The Circumvallate Papillae: Numbering eight to ten, these are arranged in a V-shaped line just anterior to the sulcus terminalis. They are large and flat and are surrounded by a groove containing serous glands and taste buds. The foramen cecum is located at the apex of the V. This represents the embryologic vestige of the thyroglossal duct, a remnant of the early development of the thyroid gland.
The Posterior Third: The surface of this part of the tongue contains lymphoid follicles, collectively referred to as the lingual tonsil.
Sensory Innervation: The general sensory innervation to the anterior two-thirds of the tongue is mediated by the lingual nerve and the gustatory sense by the chorda tympani branch of the facial nerve. Both general and taste sensation of the posterior third is served principally by the glossopharyngeal nerve and to a minor degree by the vagus. Motor innervation to the entire organ is made possible largely by the hypoglossal nerve.
Physiology–The tongue subserves four functions: (1) taste, (2) speech, (3) mastication, and (4) deglutition.
Taste: The taste buds are to be found in the circumvallate papillae and to some extent in the fungiform papillae. There are taste receptors, however, in other parts of the oral cavity. Though no anatomic support can be found, it is probable that there are four types of taste receptors for sweet, sour, bitter, and salt.
Speech: The phonatory importance of the tongue is readily evident from the observation that the production of many consonants depends upon the proper positioning of the tongue with respect to the teeth and palate.
Mastication: In order for food to be divided and macerated, it must be tossed upon the broad grinding surfaces of the posterior teeth. This is made possible by the extraordinary mobility of the tongue.
Deglutition: The first, and the only voluntary phase of deglutition is made possible when the posterior portion of the tongue containing the bolus of food is depressed while the apex is elevated.
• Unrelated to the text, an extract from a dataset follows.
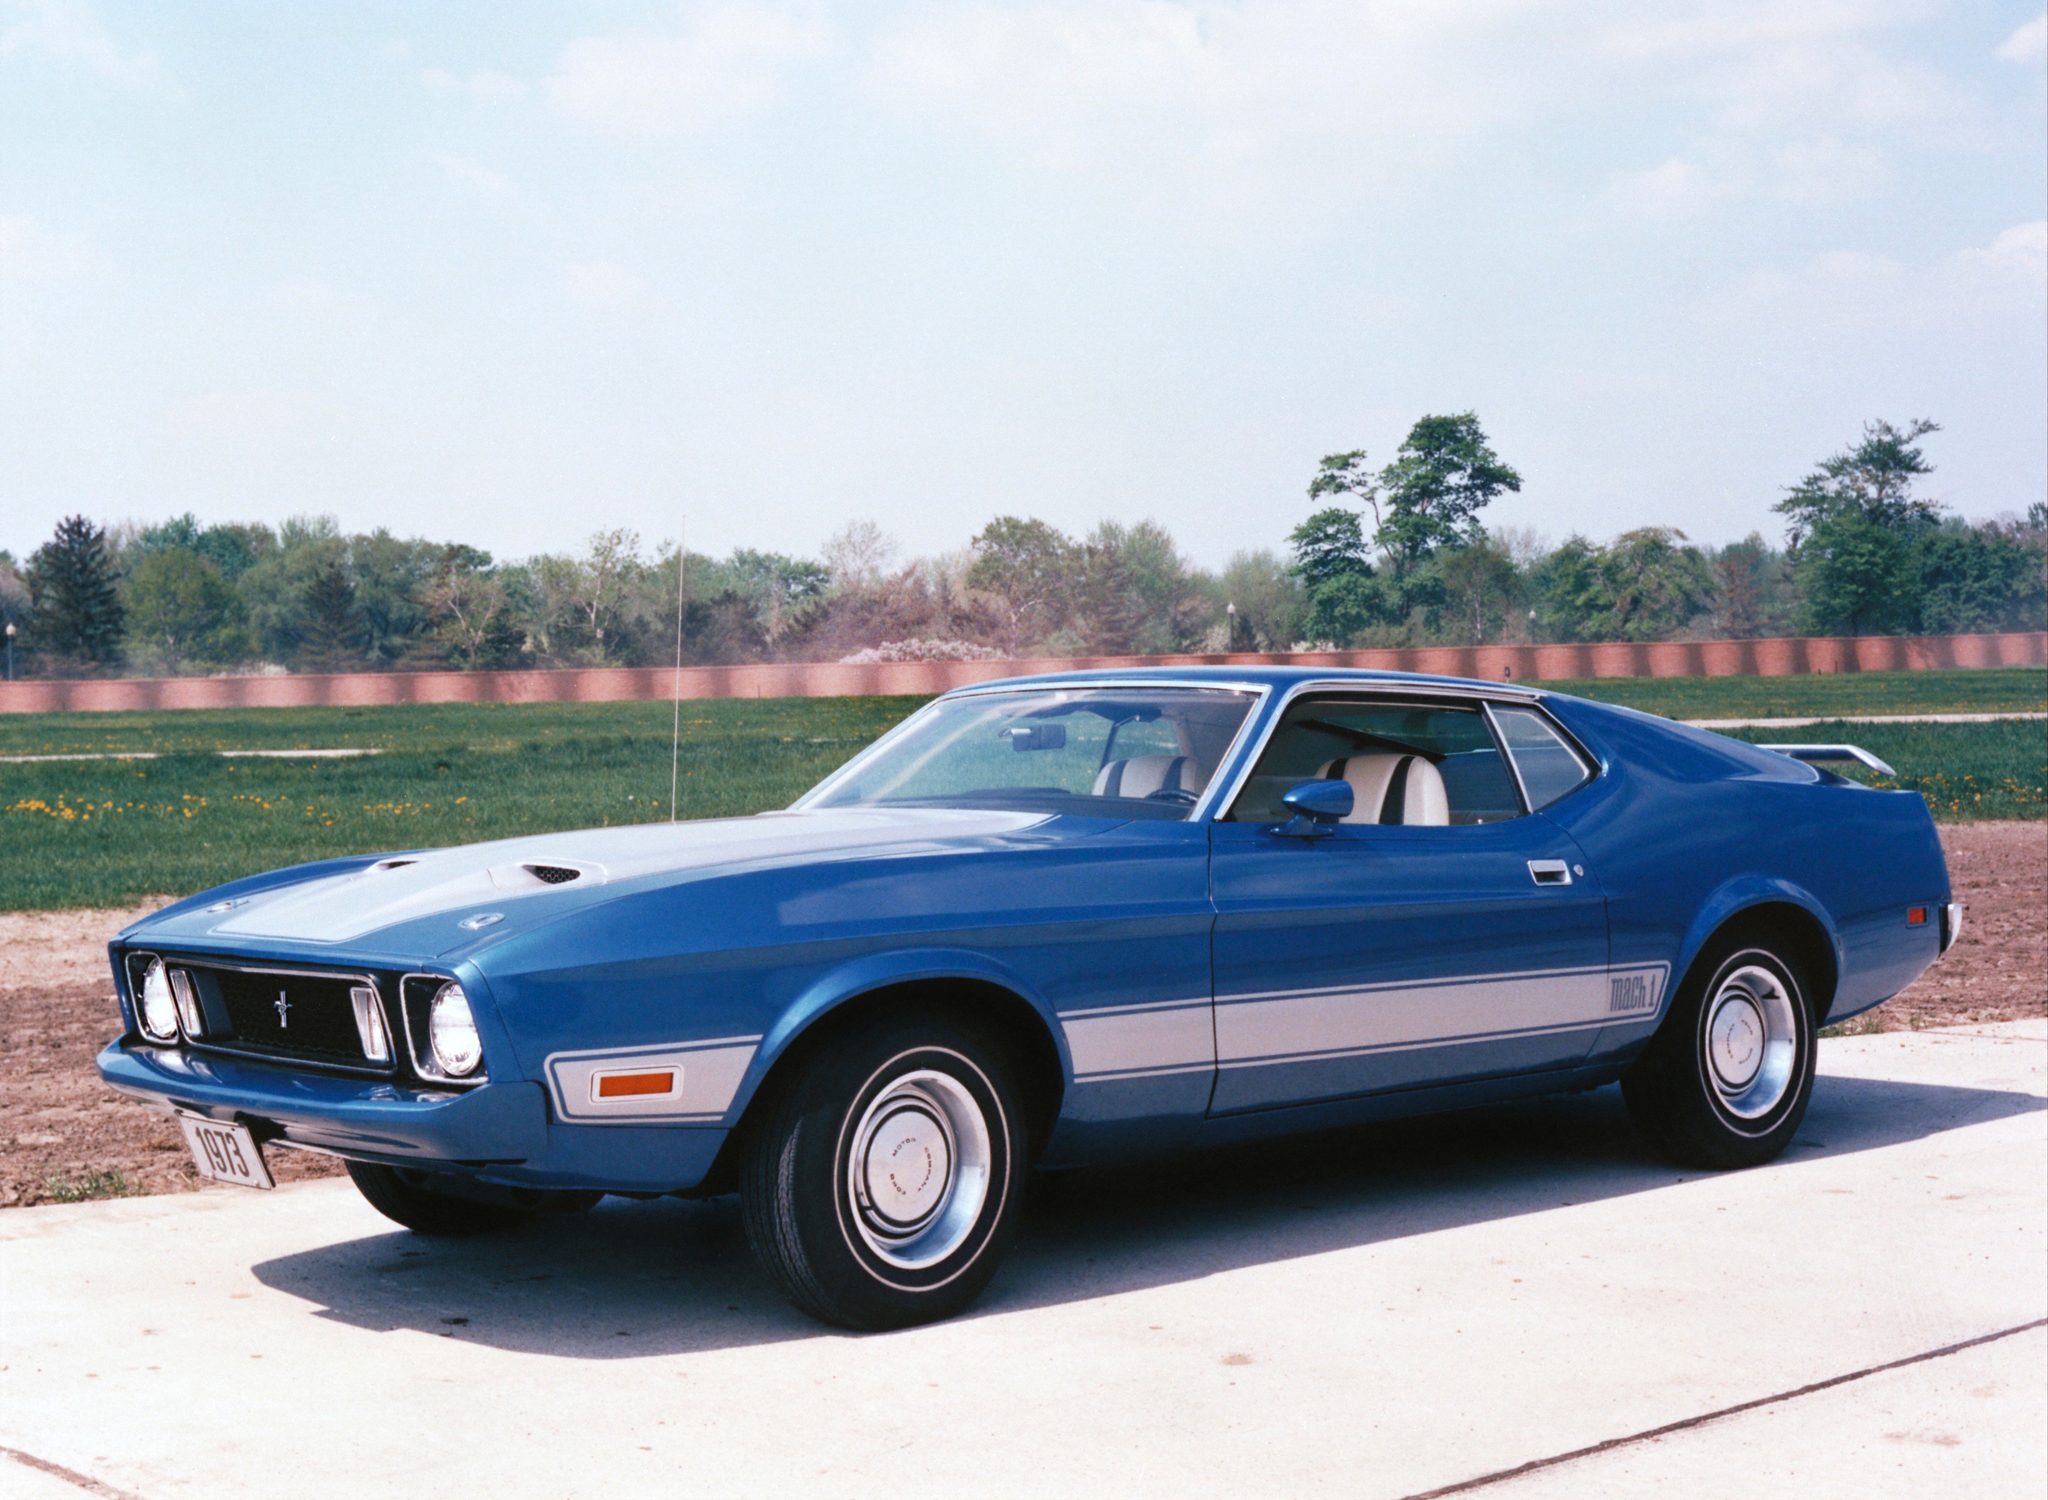 Mustang Of The Day: 1973 Ford Mustang Mach 1

This movement hurls the bolus into the pharynx, and the second stage of deglutition begins.
Clinical Examination of the Tongue
Methods of Investigation–The tongue can be examined by (1) inspection, (2) palpation, (3) with the aid of a pharyngeal mirror, and (4) Wood’s light.
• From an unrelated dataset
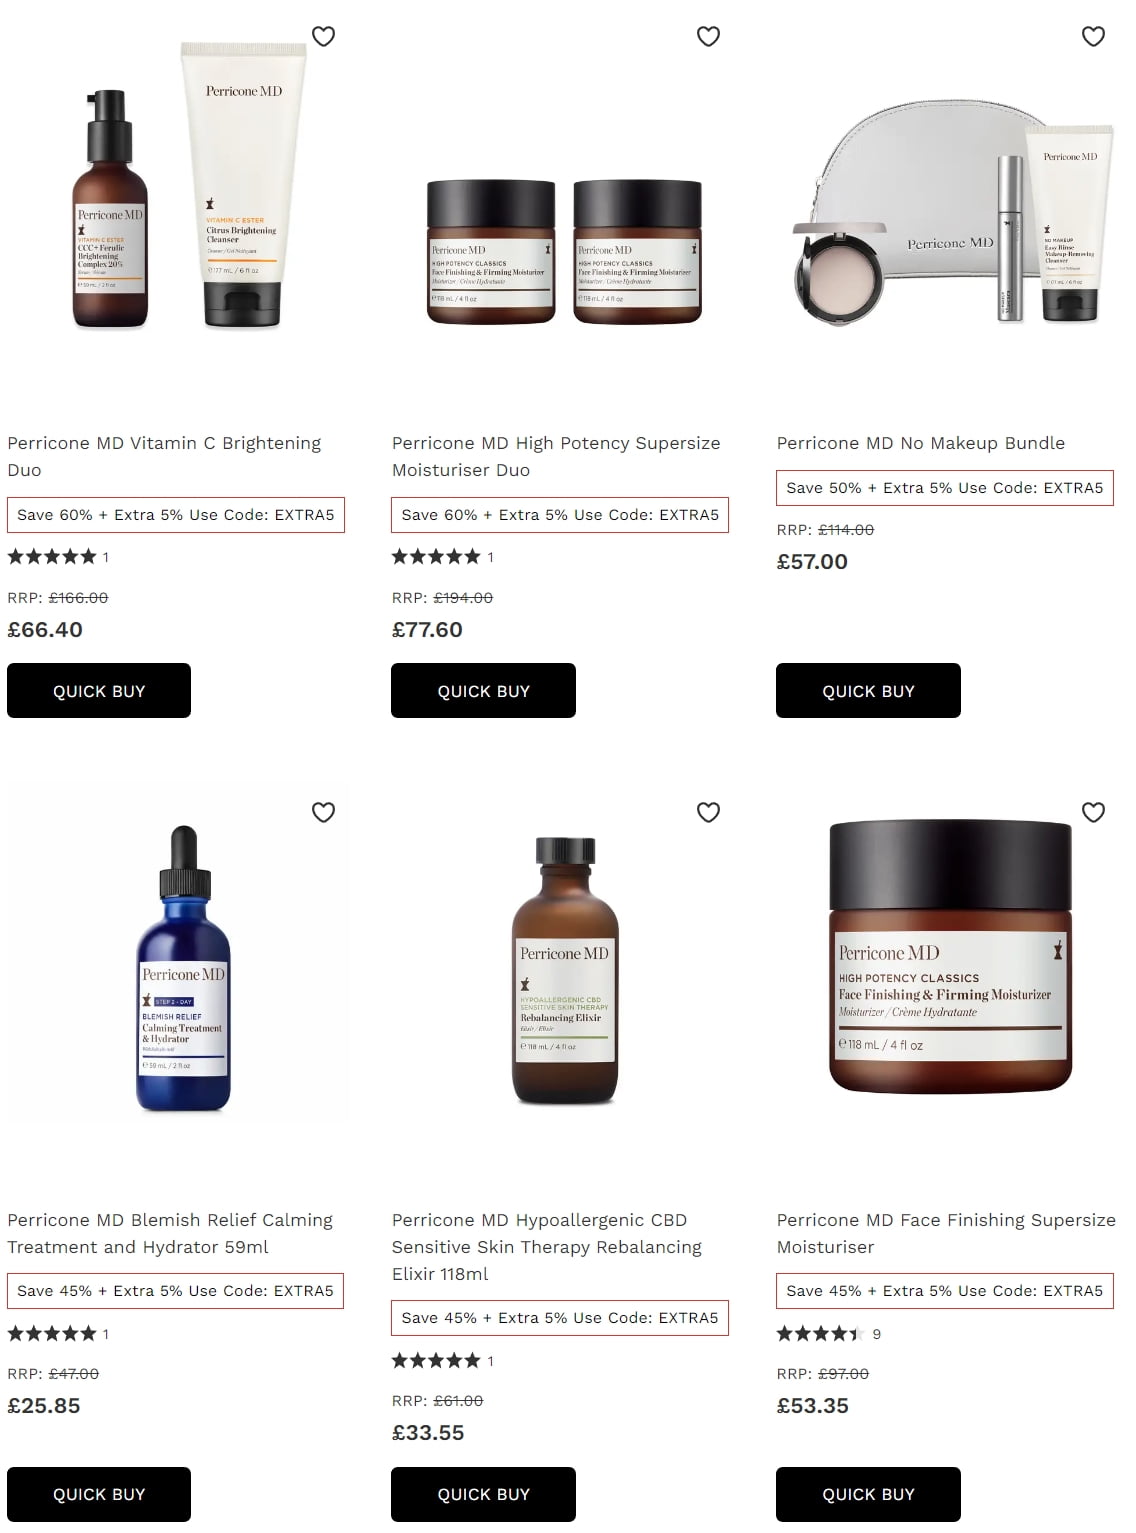 Up to 60% off Perricone MD at Lookfantastic

Inspection: The protruded anterior portion of the tongue is easily visualized. To observe the lateral borders the tip of the tongue is held with gauze and gently retracted to the right and left.
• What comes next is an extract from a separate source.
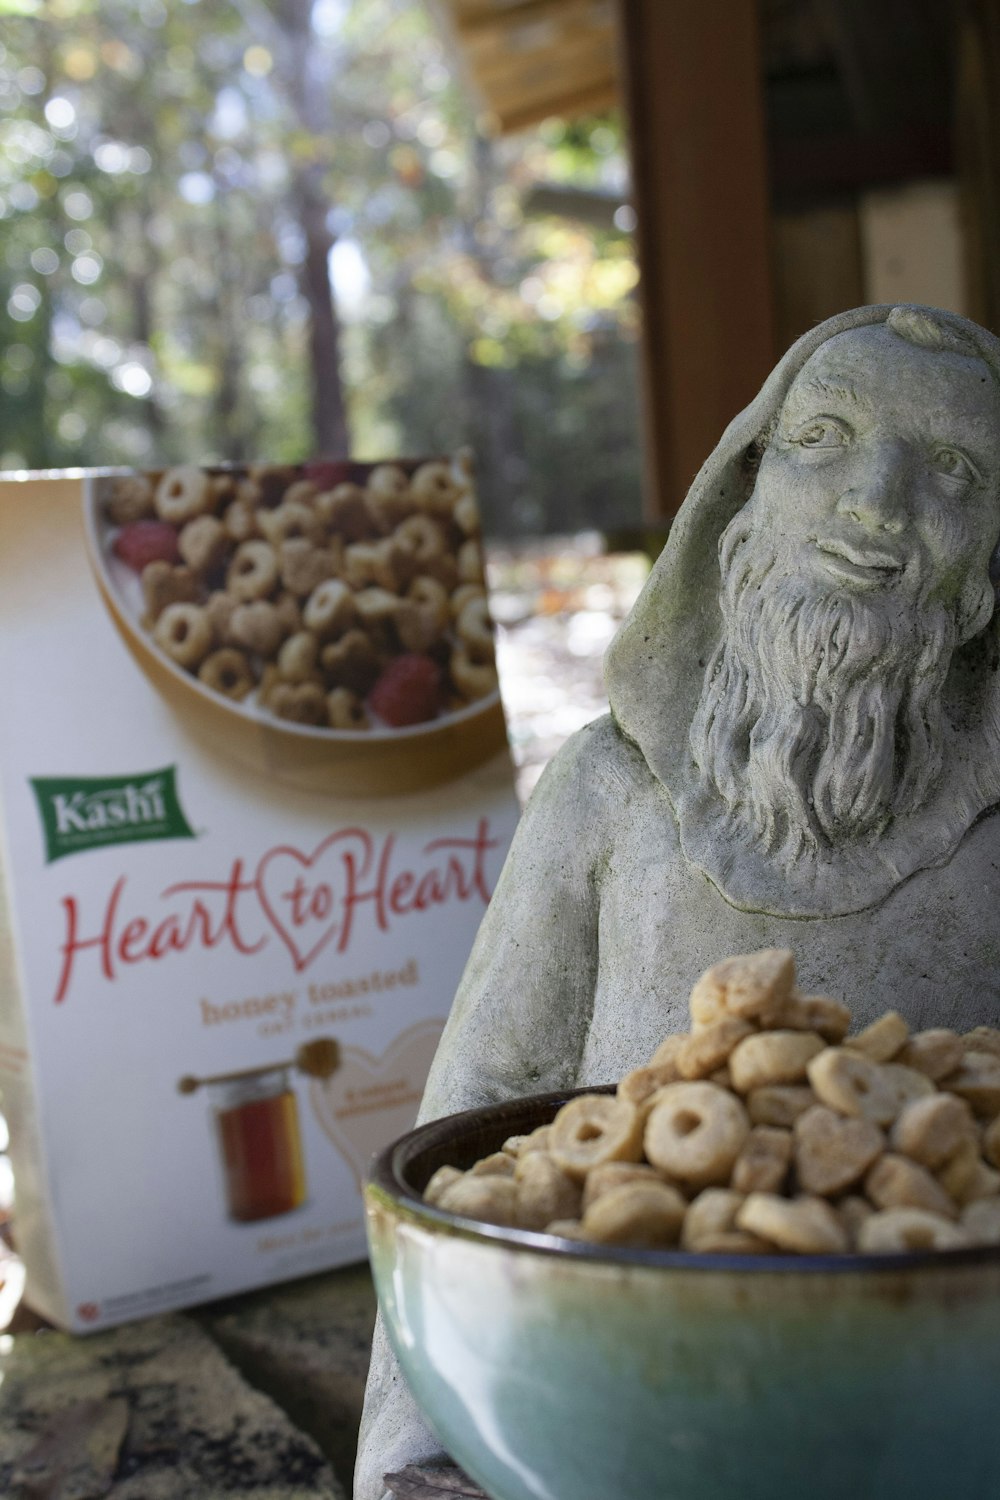 Heart to Heart cereal with box

Pharyngeal Mirror: A tongue blade and a pharyngeal mirror are useful for visualizing the posterior aspect.
Palpation: Bimanual palpation is desirable for examining the corpus of the tongue and the sublingual space. This is best accomplished with the tongue in a relaxed position.
Wood’s Light: When the mouth is flooded with filtered ultraviolet light, excluding the visible rays, the dorsum of the tongue often displays a red-orange fluorescence believed to be due to the presence of porphyrins. In the majority of healthy, well-nourished people the fluorescent area extends either over the entire dorsum or at least its anterior half. It has been observed that with papillary atrophy, as is seen in the so-called smooth tongue, there is an absence of this fluorescence. That the various vitamin B fractions seem to influence the restoration of fluorescence is doubtless due to their action in regenerating the papillae. There is, however, no absolute proof at present that reduced or absent fluorescence is always due to a vitamin deficiency. Fluorescence seems to decrease with age even though there is no obvious disease or malnutrition.
Symptoms
By definition, a symptom is subjective, and pain is the most common complaint.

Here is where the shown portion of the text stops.